New Areas for Price Competition

"The response has been nothing short of spectacular," says Scott (BusinessWeek, 5/24/07). "Within days of announcing our $4 program, countless other discounters, drug stores, and supermarkets dropped their prices on generic prescriptions."

The Bentonville (Ark.) company earlier this year also announced the Wal-Mart MoneyCenters (BusinessWeek, 6/20/07), which would offer its customers a host of financial services including check-cashing, bill payments, and international money transfers. According to ACNielson , 42% of Wal-Mart shoppers have yearly household incomes under $40,000. Banking service would help many customers who are described as "unbanked" because they don't use banking services. Wal-Mart says its entry into financial services (BusinessWeek, 7/6/07) has already cut some fees, such as check-cashing, by 25% to 50% in certain markets.
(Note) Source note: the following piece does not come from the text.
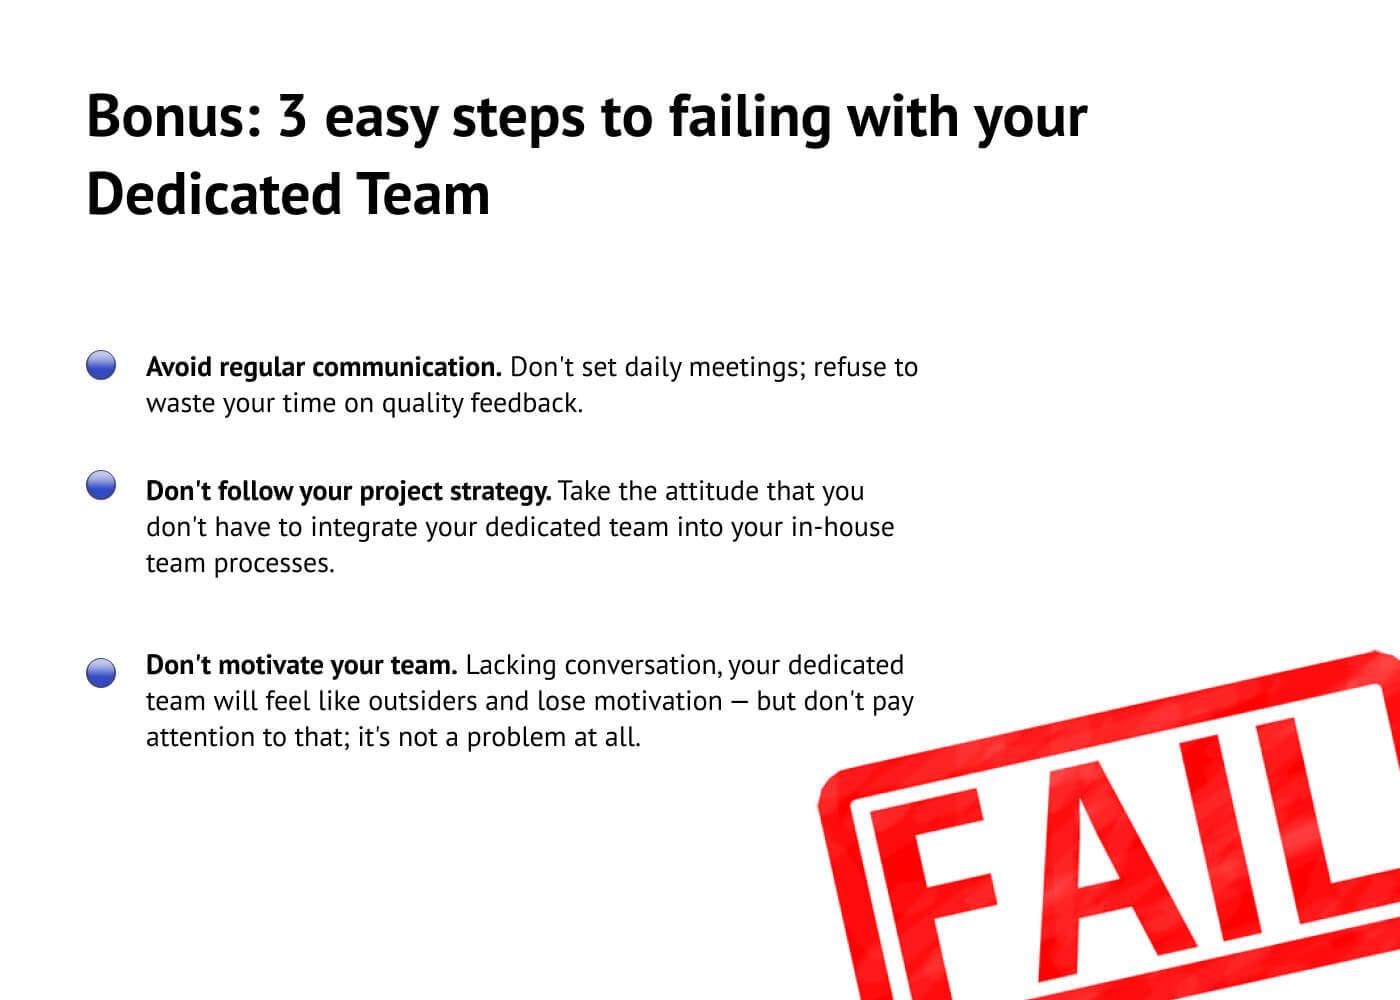 How to fail with a Dedicated Team: pranksterish advice.
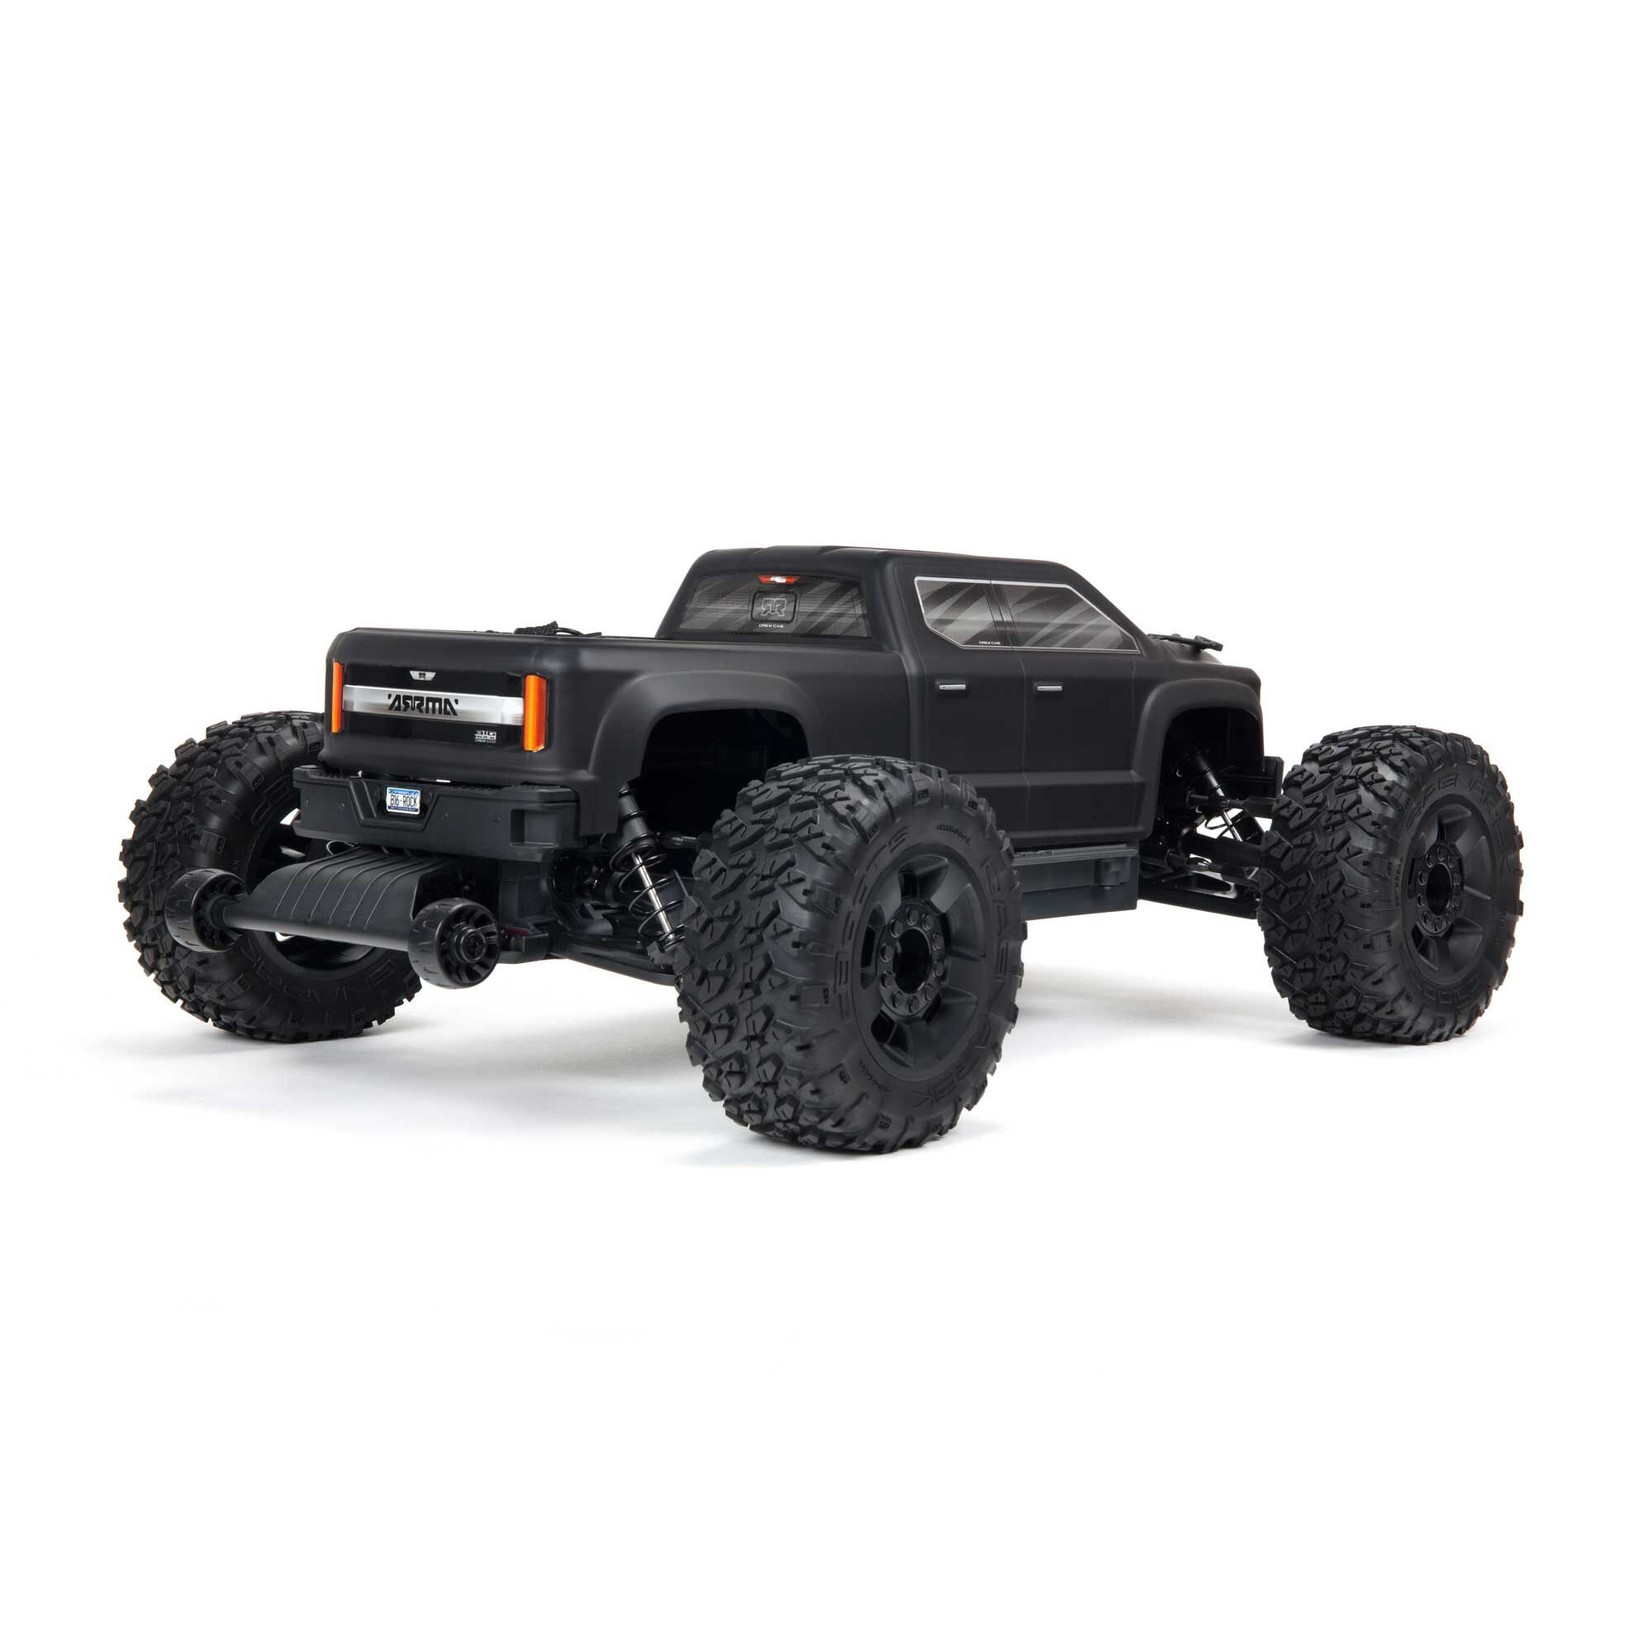 ARRMA ARA4312V3 Arrma Big Rock 4X4 3S BLX Brushless 1/10th 4WD MT Black

Sure, Wal-Mart is entering unfamiliar territory with Net access. How well Hughes serves Wal-Mart customers in a service-intensive business could make it vulnerable to complaints. "Wal-Mart will essentially be a reseller…and the service quotient will be beyond their control," says Abella. But he also believes that, as in most product categories Wal-Mart enters, prices for satellite service in rural areas will drop. And for Wal-Mart's core customers, low prices always matter.